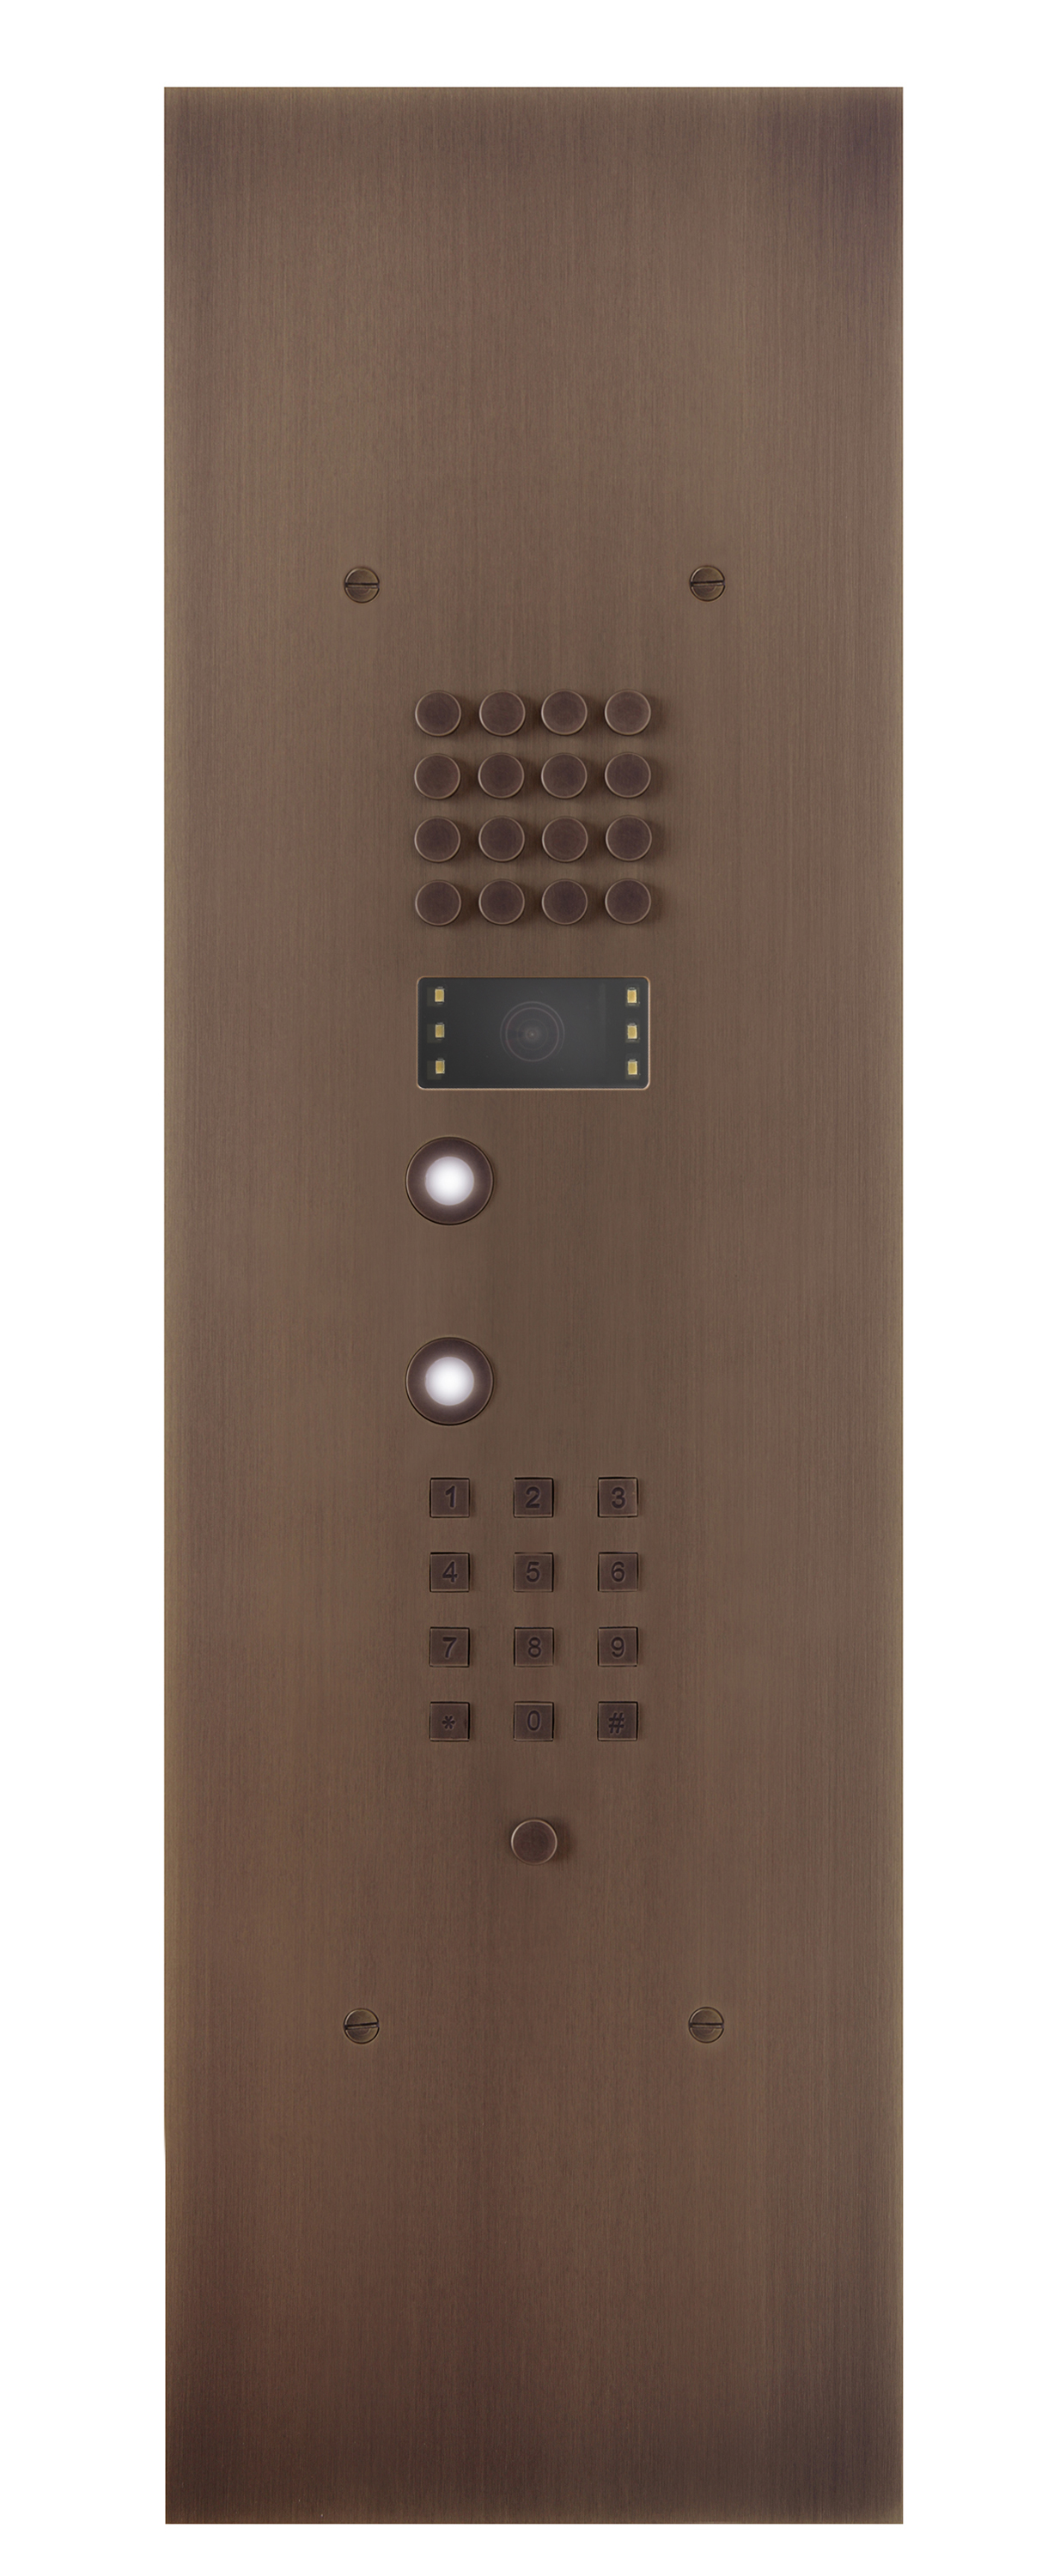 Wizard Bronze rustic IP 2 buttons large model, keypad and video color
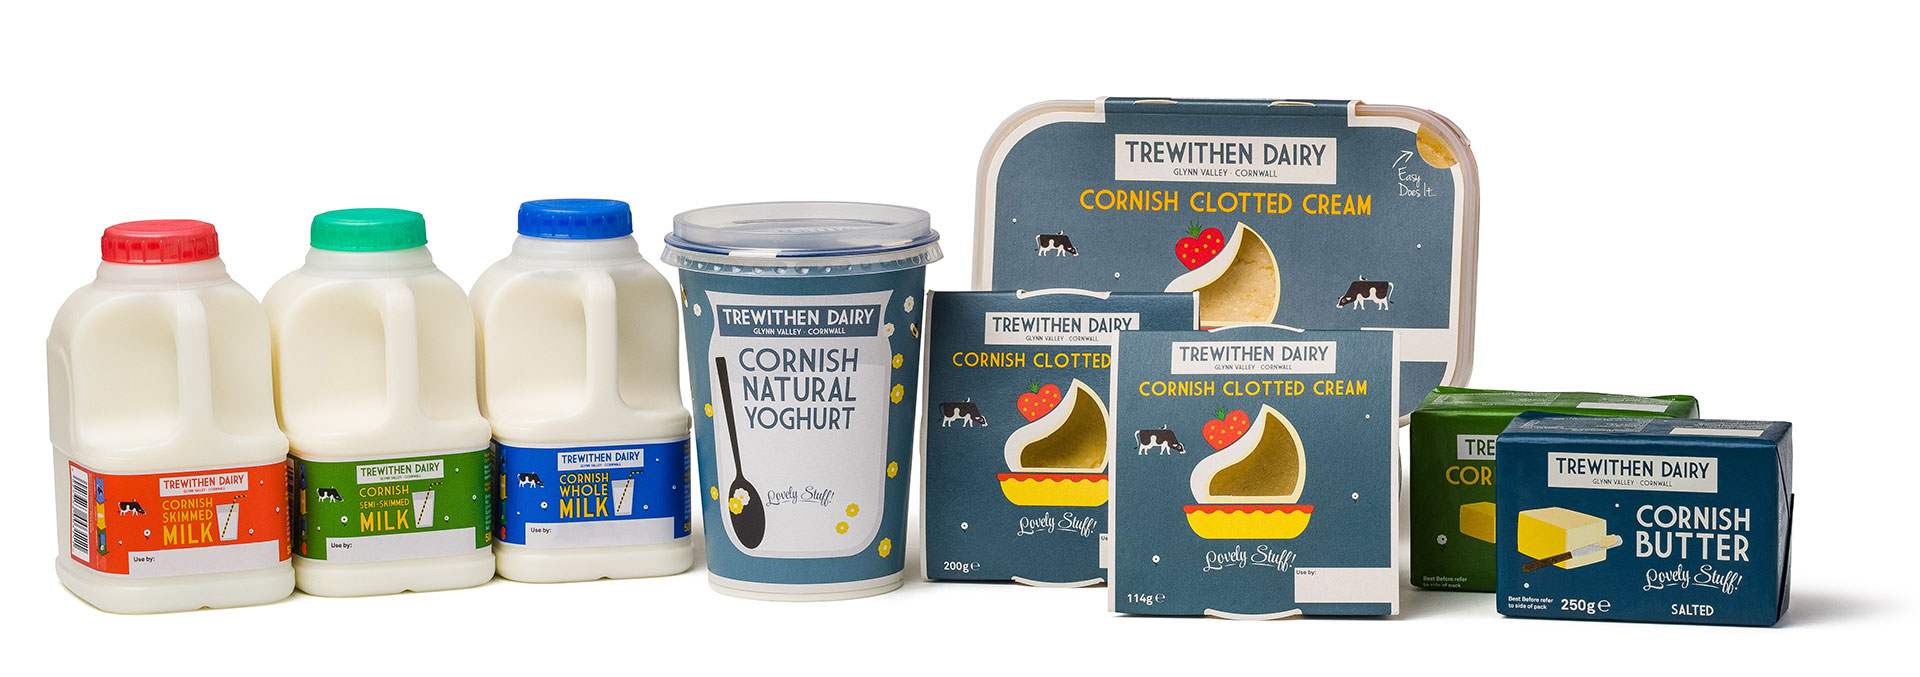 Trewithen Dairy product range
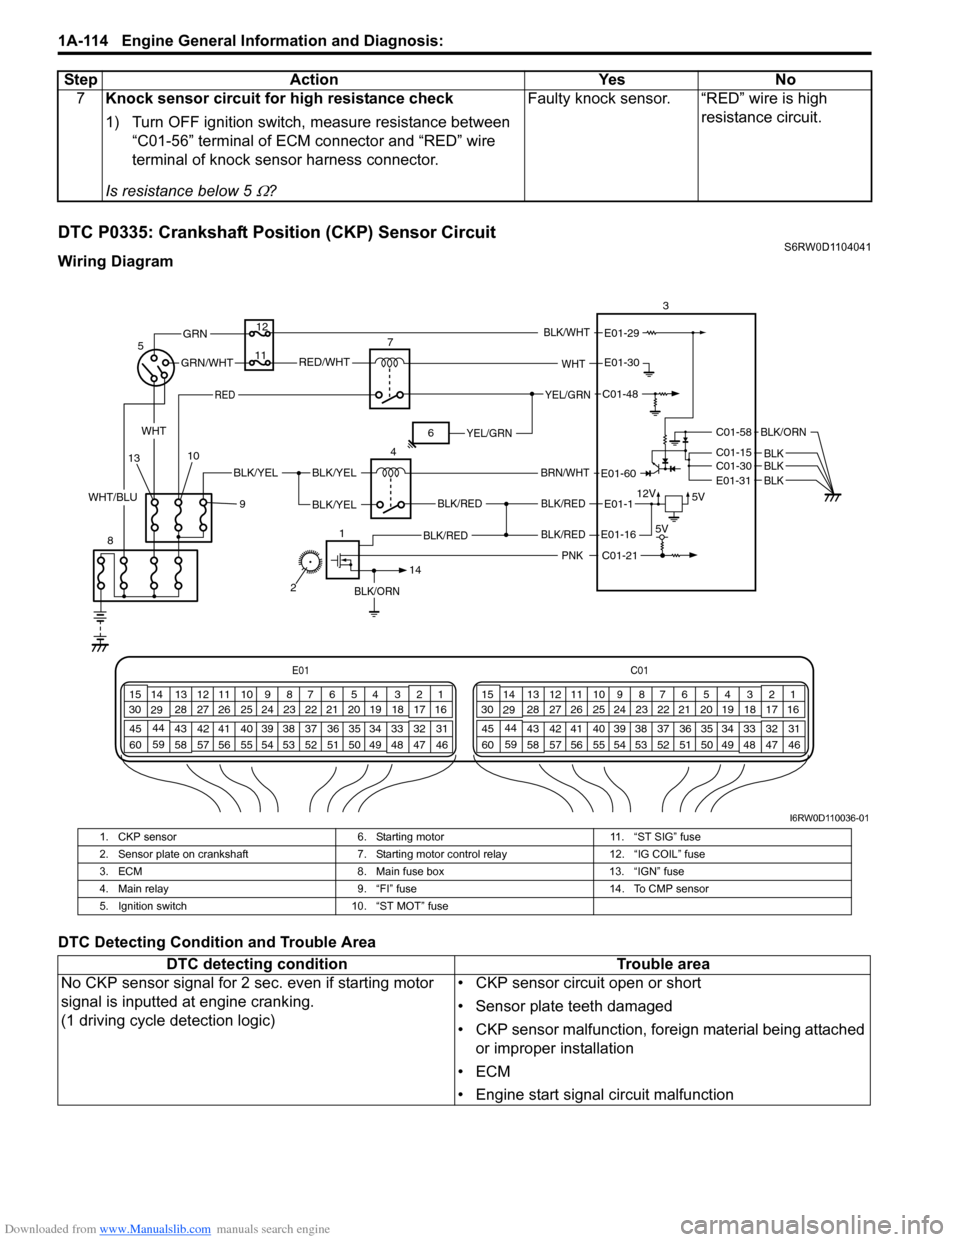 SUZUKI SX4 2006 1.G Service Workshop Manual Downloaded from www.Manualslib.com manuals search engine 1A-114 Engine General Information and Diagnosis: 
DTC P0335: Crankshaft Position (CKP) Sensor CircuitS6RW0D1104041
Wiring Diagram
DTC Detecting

===============

Copy the material verbatim. The pictures are not part of the copy.

*Written reply*
 Wizard Bronze rustic IP 2 buttons large model, keypad and video color
 Trewithen Dairy product range
 SUZUKI SX4 2006 1.G Service Workshop Manual Downloaded from www.Manualslib.com manuals search engine 1A-114 Engine General Information and Diagnosis: 
DTC P0335: Crankshaft Position (CKP) Sensor CircuitS6RW0D1104041
Wiring Diagram
DTC Detecting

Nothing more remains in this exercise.